Knowing the range, for binary arithmetic, if overflow happens, usually a modulo $2^n$ is used (4 bit for $5 + 13 = 18$ modulo 16 gives 2).
shifting operator is equivlent to multiply and dividing by 2’s power. >> has two versions: logical shift always prepend $0$ on the left, while arithmetic shift always preprend the sign bit currently in place.
when a signed type and an unsigned type appear together in arithemtic, signed is converted to unsigned. Memorization: “larger floating points win; small things become ints; for equal sizes, unsigned wins” (long + shoft -> long; char + unsigned int -> unsigned int; unsigned int + long -> long)

Week 2 Discussion Materials

General Stuff

General concepts:

Architecture (ISA): parts of a processor design that one needs to understand to write assmebly code.
Micoarchitecture: Implementation of the architecture (cache size, core frequency)
Code Forms:
- Machine code is the byte-level programs that processor executes
- Assembly code is a text representation of the machine code.
Assembly terminologies: CPU (PC, Register, condition) and Memory (code, data, stack)
- Program Counter (PC): address of the next instruction, called “RIP” in x86-64.
- Register file: heavily used program data
- Condition codes: store status information about most recent arithmetic or logical operations; used for conditional branching.
- Memory: byte addressable array; code for used data; stack to support procedures.
- Interactions: (1) CPU uses addresses to lookup in memory (2) memory and CPU share data (3) memory issues CPU instructions.
From C into Object Code: gcc -Og p1.c p2.c -o p
- Compiler part gcc -oG -S to generate assembly programs p1.s p2.s.
- Assembler gcc then generates object files (binary) p1.o, p2.o
- In the end, static libraries and linkers together form executable binary file p; linker takes care of references and static run-time libraries.
Assembly code has no aggregate types such as arrays or structures, and are just contiguously allocated bytes in memory.
Assembly instructions usually are operations of the types:
- register to register
- register to memory
- memory to register

Assembly Programming

A useful guide from Stanford

Learning this part must be example and practice based, otherwise might as well just read the x86-64 manual. LHS: C code, RHS: assembly code.

Some symbols:

% is used to refer to a register.
$ is used for immediate values, e.g., constants. 1,2,or 4 bytes.
(%) is used for 8 consecutive bytes of memory at some register. e.g., (%rax)

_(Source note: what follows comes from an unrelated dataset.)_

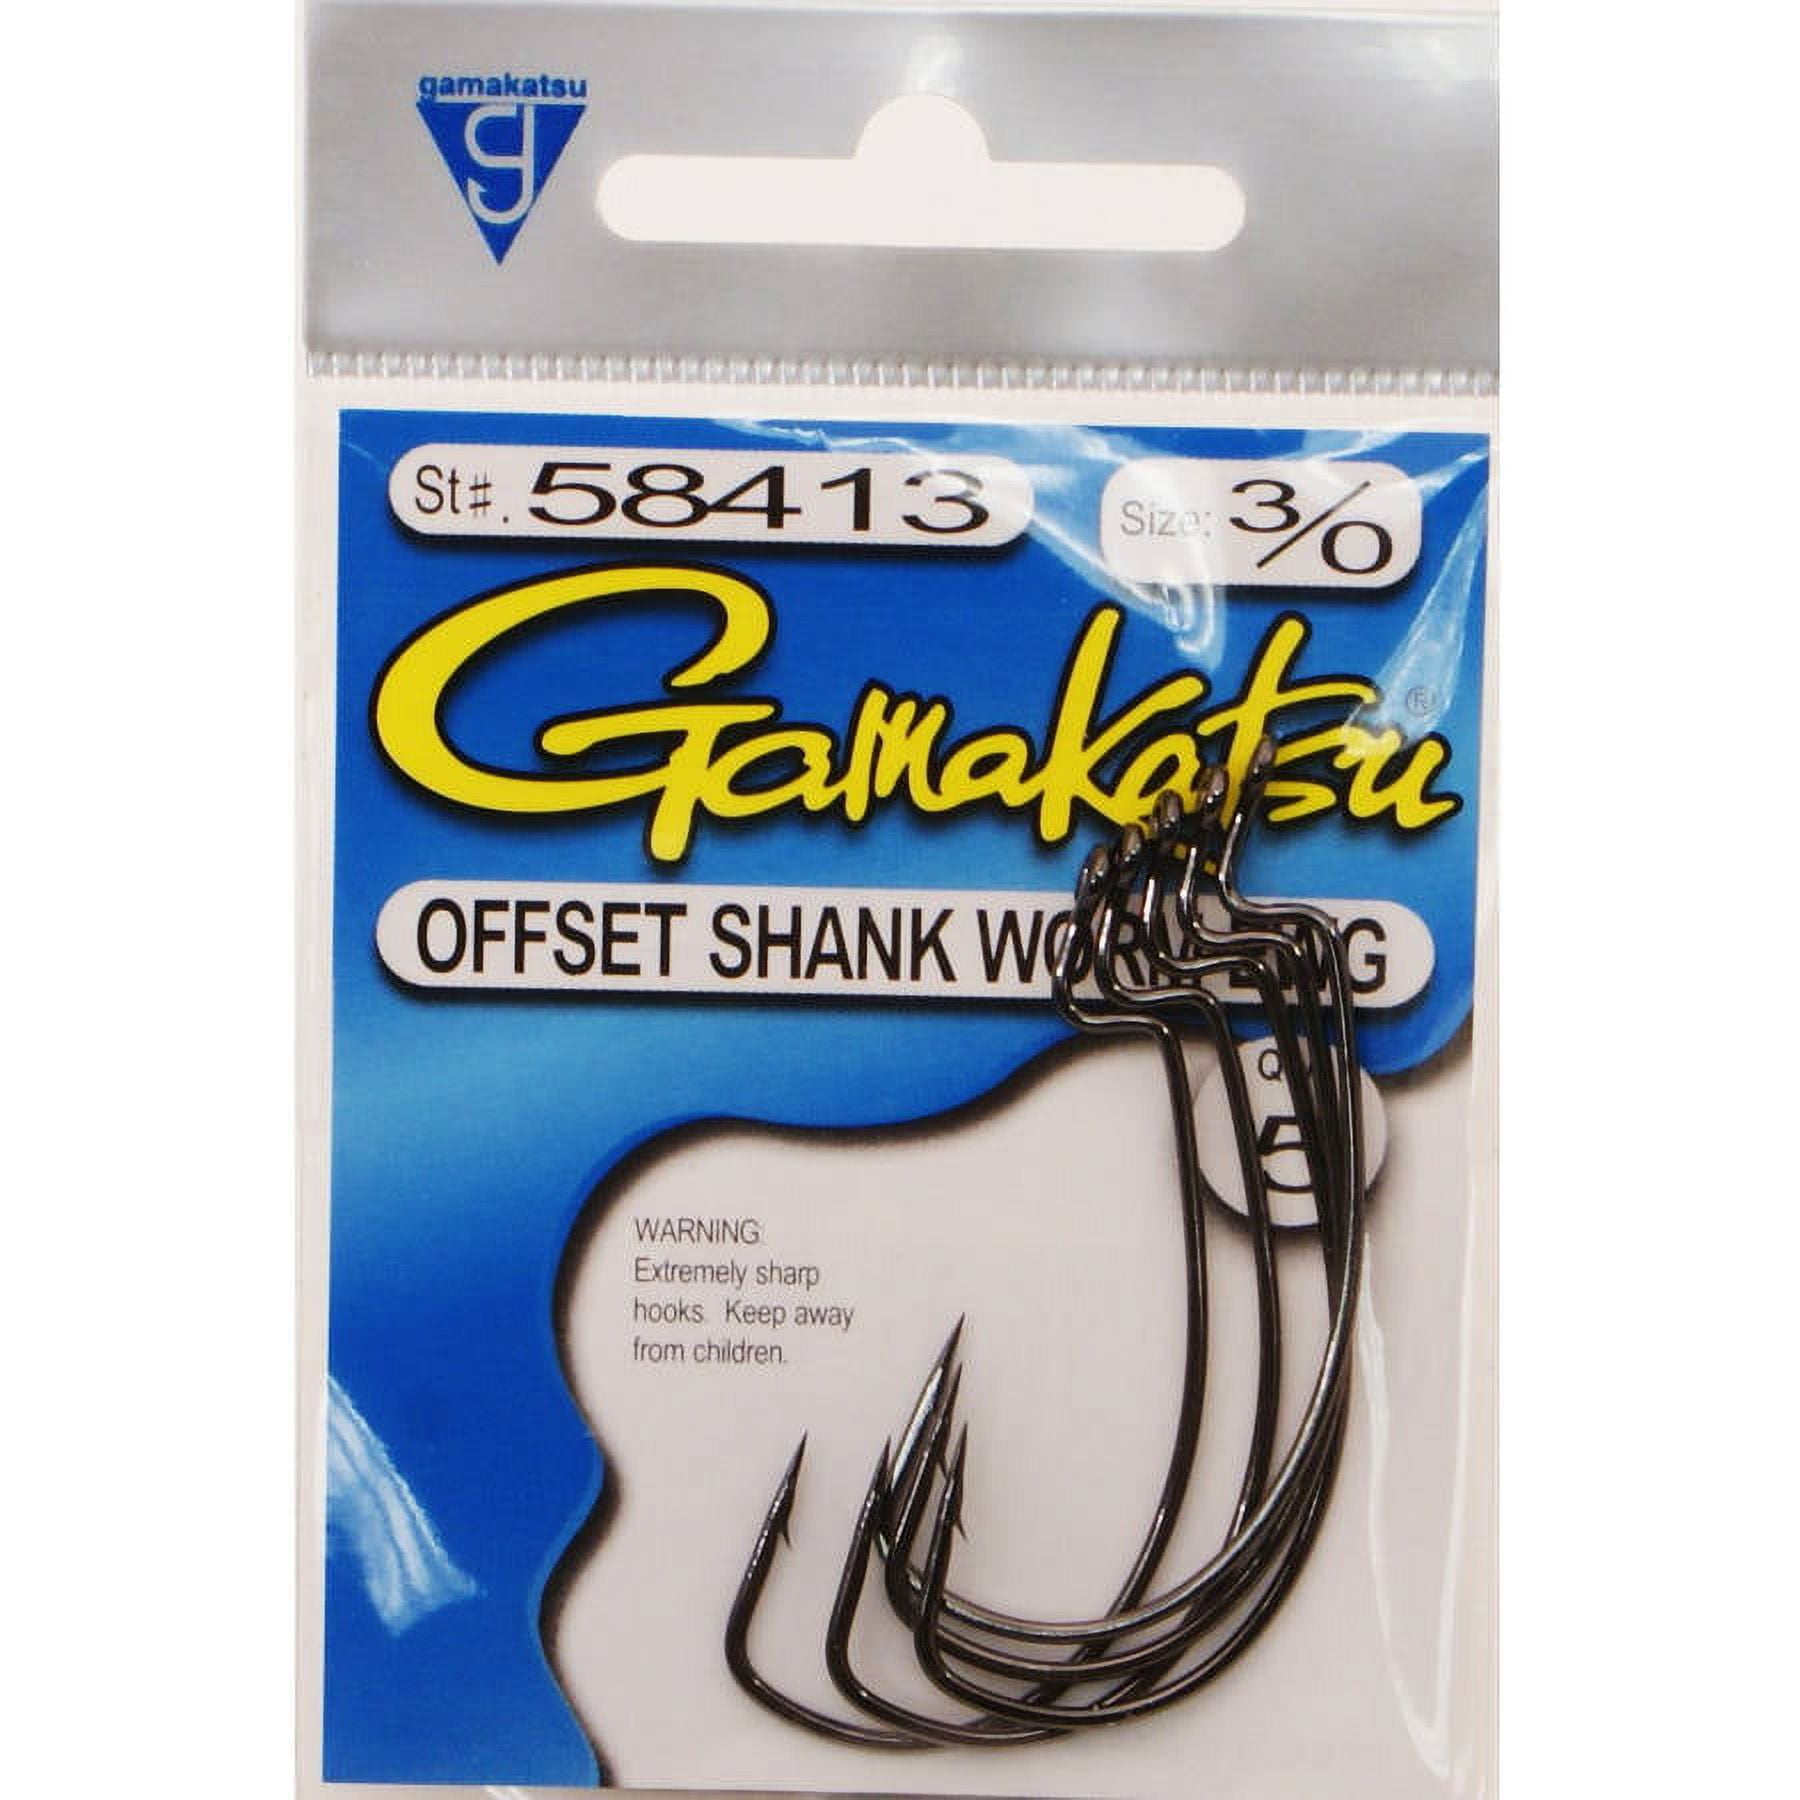 Gamakatsu Extra Wide Gap Offset Shank Worm Hooks, Size 3/0 Blk (5 Pack)

Example 1: Memory address:

*dest = t;        // movq %rax, (%rbx)

Explanation: %rax is the register holding current value. (%rbx) is the memory address of the register %rdx. Here %rdx is the variable dest, and *dest is memory of dest M[%rbx]. This instruction says “store the value hold at %rax register to the memory address of %rbx register”.

temp = 0x4;      // movq $0x4, %rax 
*p = 147;        // movq $-147, (%rax)
temp2 = temp1;   // movq %rax, %rdx 
*p = temp;       // movq %rax, (%rdx)
temp = *p;       // movq (%rax), %rdx

Notice that memory-to-memeory cannot be done in one instruction. More complex instructions

movq 8(%rbp), %rdx

Explanation: this one means to move memory value computed by offsetting (add) 8 to the memory address of %rbp to the register %rdx.

0x8 (%rdx)       : computes address 0xf000 + 0x8 = 0xf008
(%rdx, %rcx)     : computes address (%rdx) + (%rcx)
(%rdx, %rcx, 4)  : compute address (%rdx) + 4 * (%rcx)
0x80 (, %rdx, 2) : computes 2 * (%rdx) + 0x80

Example 2: Swap:

long t0 = *xp;           // movq (%rdi), %rax
long t1 = *yp;           // movq (%rsi), %rdx
*xp = t1;                // movq %rdx, (%rdi)
*yp = t0;                // movq %rax, (%rsi)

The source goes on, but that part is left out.